Aunque teóricamente existan muros infranqueables entre la actividad comercial y la editorial, la crisis económica que enfrentan los medios hace cada vez más complicado que puedan resistir las presiones de los anunciantes.

Todos estos riesgos, por lo demás nada novedosos, propios de la relación entre la actividad editorial y comercial, se han ido sofisticando en los últimos años haciendo más compleja su identificación y control.

La primera acometida a la transparencia e integridad editorial ha venido de la mano de los branded content. La publicidad convencional de los anuncios o banner ha dado paso a esta nueva modalidad de contenidos editoriales pagados por el anunciante. No hay nada que objetar a esta fórmula, siempre que al lector se le informe si se trata de un contenido editorial elaborado de manera independiente por el medio o si, por el contrario, el contenido se ha redactado siguiendo unas directrices, más o menos explícitas, emitidas por el anunciante.

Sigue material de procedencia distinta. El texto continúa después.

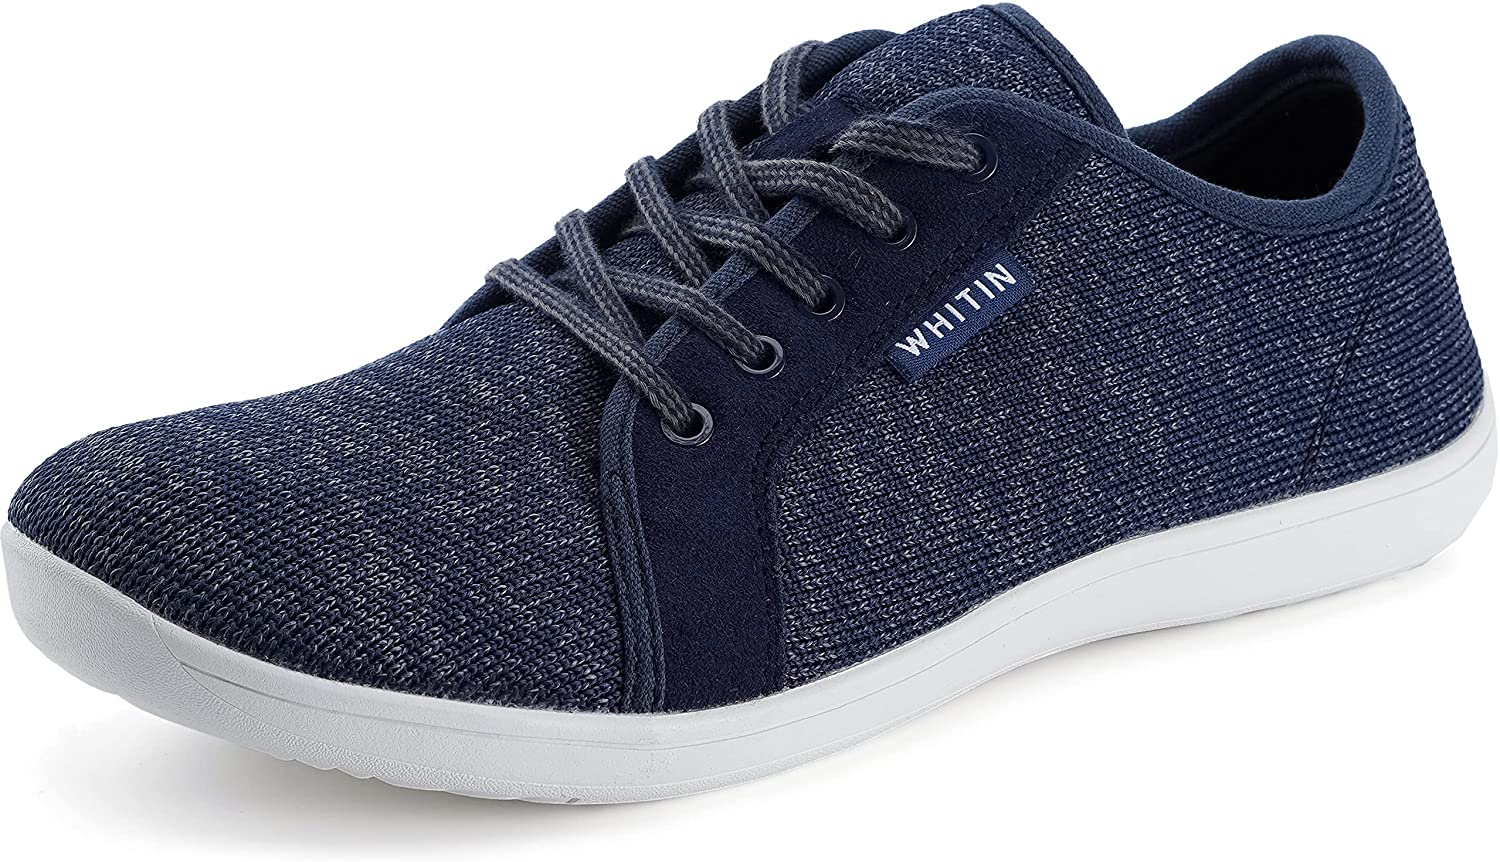 WHITIN Women's Knit Barefoot Minimalist Sneakers Lace Up Wide Fit

En la práctica no existe un etiquetado estandarizado y transparente que indique con claridad al lector las condiciones en las que se ha elaborado ese contenido pagado por el anunciante. Cada medio de comunicación utiliza su propio etiquetado sin explicar con claridad qué significado tiene.

Y, lo que es más grave, se ha terminado aceptando que sean las propias empresas anunciantes las que determinen a los medios de comunicación el etiquetado y condiciones de los branded content sin informar al lector si se trata de un contenido editorial independiente (en el que la empresa ha seleccionado el tema, pero dejando libertad al medio en la elaboración del contenido sin reservarse la facultad de corregirlo o autorizarlo) o de un contenido elaborado o corregido por el anunciante. La diferencia es importante, pues mientras el primer caso sigue siendo un contenido editorial, el segundo es un formato de publicidad.

La primera acometida a la transparencia e integridad editorial ha venido de la mano de los ‘branded content’. La publicidad convencional ha dado paso a esta nueva modalidad de contenidos editoriales pagados por el anunciante.

La segunda acometida está relacionada con la llamada ‘publicidad programática’ impulsada, inicialmente, por las plataformas y potenciada por la Inteligencia Artificial.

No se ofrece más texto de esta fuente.